Sunday, March 1, 2015

Modi Attacks Congress Party Addressing Parliament

Click On following link to watch Video Recording of Speech delivered by Mr. Narendra Modi PM in Parliament on 27.02.2015

https://www.youtube.com/watch?v=gvgsz0EuZIs

Narendra Modi ambushes Congress in Parliament speech-LiveMint-28.02.2015

Attack was unexpected because it came amid efforts by the NDA to build a bipartisan consensus on key legislation
 
New Delhi: Prime Minister Narendra Modi took the Congress by surprise on Friday with a blistering attack focusing on the party’s record in office and described it as an obstructionist in the opposition.
 
The attack was unexpected because it came amid efforts by the Bharatiya Janata Party (BJP)-led National Democratic Alliance (NDA) to build a bipartisan consensus on key legislation—like the contentious amendment to the land acquisition bill—to kick-start economic reforms.
 
The Prime Minister was replying to the motion of thanks on the President’s address at the start of the budget session of Parliament.
At the same time, Modi held out an olive branch to other opposition parties by signalling that the government was willing to compromise on some of the changes it proposed to the land bill, to accommodate the concerns of their members.
 
Analysts saw his belligerence against the Congress as an effort to isolate the party, which has leveraged its strength in the Rajya Sabha to obstruct passage of key legislation.
It may also be aimed at reshaping a political narrative that has turned against the NDA after the BJP’s humiliating defeat in the Delhi assembly election and the opposition targeting the ruling coalition as anti-farmer over the land acquisition bill.
 
Modi sought to portray the Congress as a party that was out of sync with the new reality of India—a country whose demography is overwhelmingly young, with 65% of the population being less than 25 years of age, and increasingly aspirational.
In a sarcastic vein, he assured the Congress that the Mahatma Gandhi National Rural Employment Guarantee Scheme (MGNREGS), which assures 100 days of manual work a year to at least one member of every village household, will never be disbanded.

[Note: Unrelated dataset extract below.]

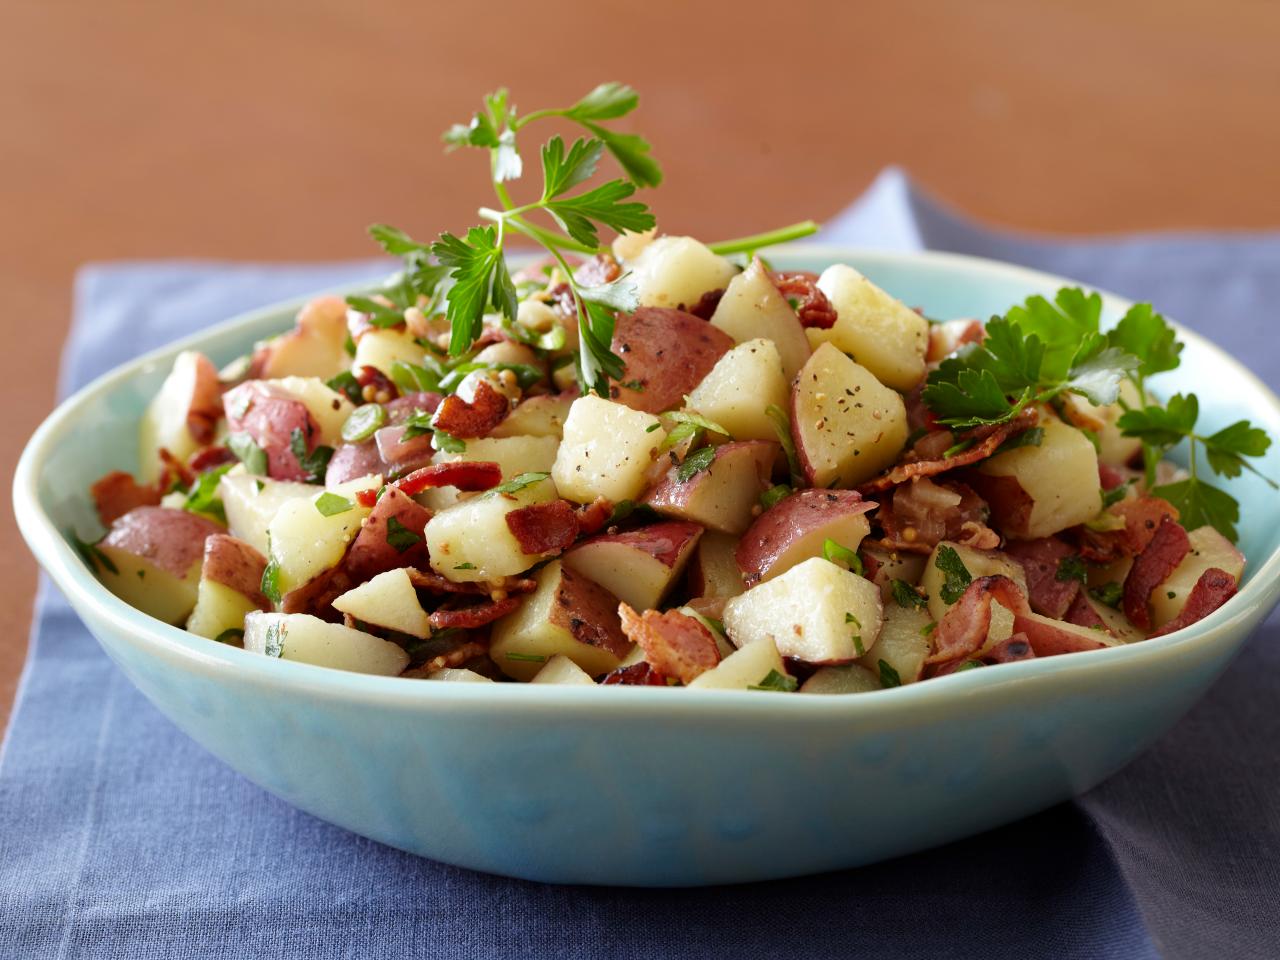 https://food.fnr.sndimg.com/content/dam/images/food/fullset/2011/6/8/0/GL1B09_german-potato-salad_s4x3.jpg.rend.hgtvcom.1280.960.suffix/1382539763830.jpeg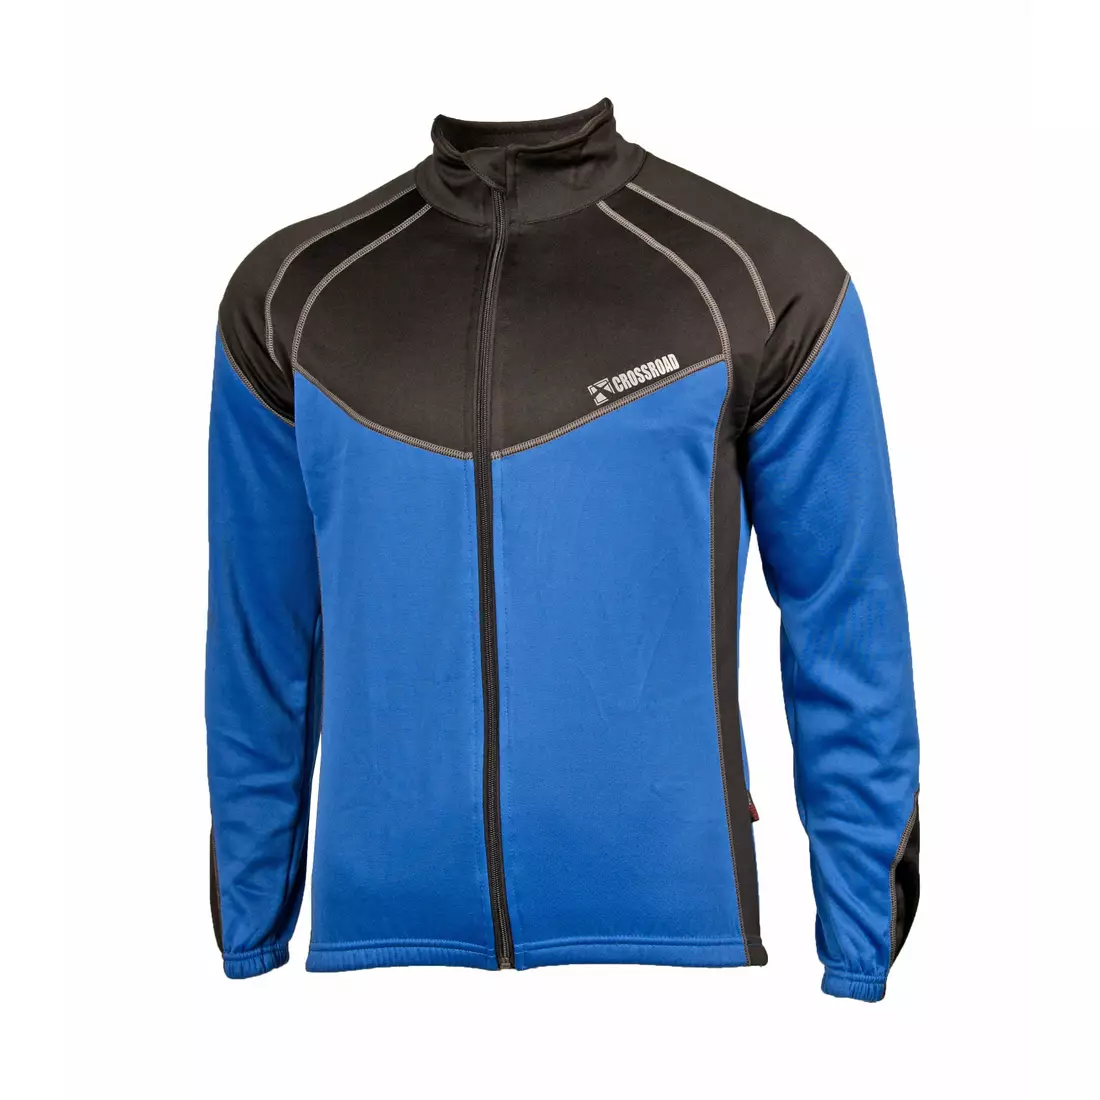 CROSSROAD KENT warm cycling sweatshirt, black and blue

The scheme will be continued as a living example of the Congress’ mistakes, Modi said.
 
“People can doubt my understanding on some subjects but no one can doubt my political sense. My understanding tells me never to remove MGNREGA because it is an example of six decades of failure of the Congress party; it has to pay people to dig ditches,” Modi said.
Defending his government’s decision to amend the land acquisition act, he claimed that it would not hurt his government politically.
 
The Congress and other critics of the government have said that the amended version of the law would benefit industries by making it easier for them to acquire farm land, and put farmers at a disadvantage by diluting inbuilt safeguards.
 
“The Congress party has never got so few seats in the history, it didn’t do so badly even during emergency,” Modi said, referring to the party’s ouster in the election that followed its draconian emergency rule in the mid-1970s.
 
“If the law was so beneficial for the farmers, why did the Congress lose the election? Why did the government try to change the 1894 law in 2013, why did the government take 120 years to change the law?” Modi said.
 
He added that some state chief ministers belonging to various political parties had recommended some changes in the bill to overcome difficulties they were facing in building roads and irrigation facilities.
 
“There has been a lot of discussion over the land acquisition act. Take credit for the law if you want, but also make rules. We should not be so arrogant to believe that nothing can be better than what we have done,” he said.
 
“We want to add to the efforts made by you. There were certain things left behind in the previous law by mistake, we want to change that. Don’t make this into a political issue. If you find anything in this act that is against farmers, I am willing to make those changes,” Modi said in his 70-minute speech.
 
Senior BJP leaders are hopeful that the attempt to corner the Congress in both houses of Parliament will eventually succeed, as ministers in the government are talking to the Samajwadi Party, Bahujan Samaj Party and the All India Anna Dravida Munnetra Kazhagam to win their support and break the opposition unity on the land acquisition bill.
Senior ministers are also talking to the Dravida Munnetra Kazagham and the Biju Janata Dal, hoping to win the backing of these parties once the government agrees to accept their recommendations on the land acquisition bill.
 
The government has asked senior ministers Arun Jaitley, Rajnath Singh, Nitin Gadkari and M. Venkaiah Naidu to hold talks with opposition parties individually.
“It is possible to divide the opposition. Some regional parties may try to cut a short term deal with BJP. The Prime Minister attacked the Congress because he doesn’t want the party to regain momentum and also to avoid national-level anti-incumbency against his government,” said Jai Mrug, a Mumbai-based political analyst.